Message Boards Message Boards

Generalizing the MSE loss function to weighted least squares for neural networks

Hello Wolfram Community!

I’m working on implementing a custom loss function in Mathematica to apply a weighted least squares approach to neural networks. Specifically, I’d like to modify the standard mean squared error (MSE) loss function to incorporate weights, so it can account for the varying importance of different data points in training.
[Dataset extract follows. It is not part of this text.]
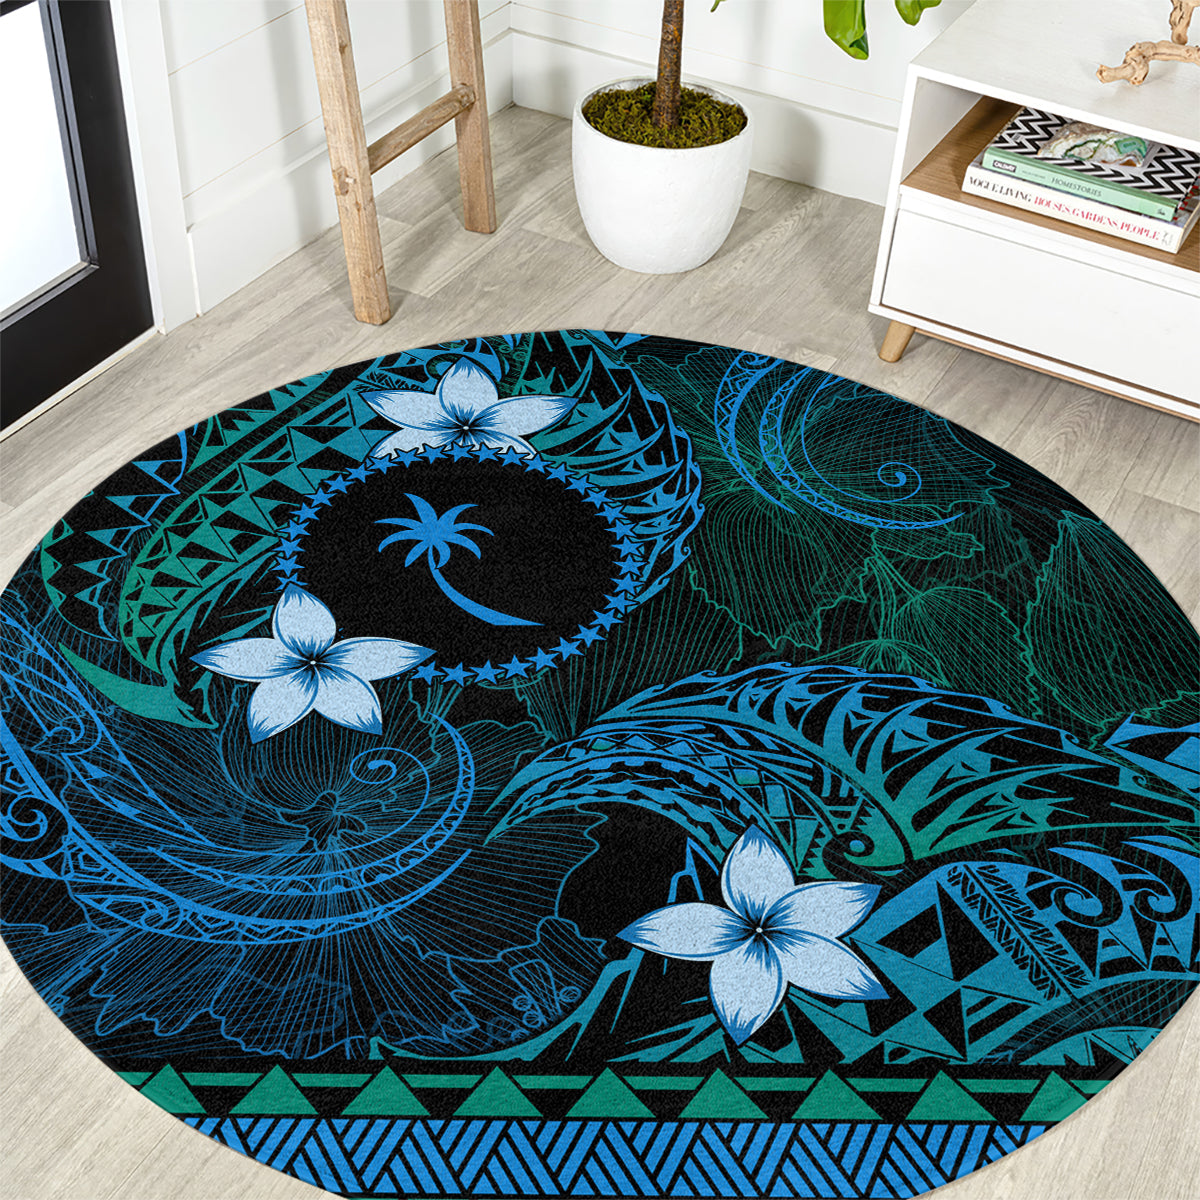 FSM Chuuk State Round Carpet Tribal Pattern Ocean Version

Objective The standard MSE loss function simply calculates the average squared difference between the actual values and the predicted values. I’d like to generalize this to a weighted mean squared error, or weighted least squares (WLS), by including a weight for each data point. This way, the loss function can emphasize certain points over others, depending on their assigned weights.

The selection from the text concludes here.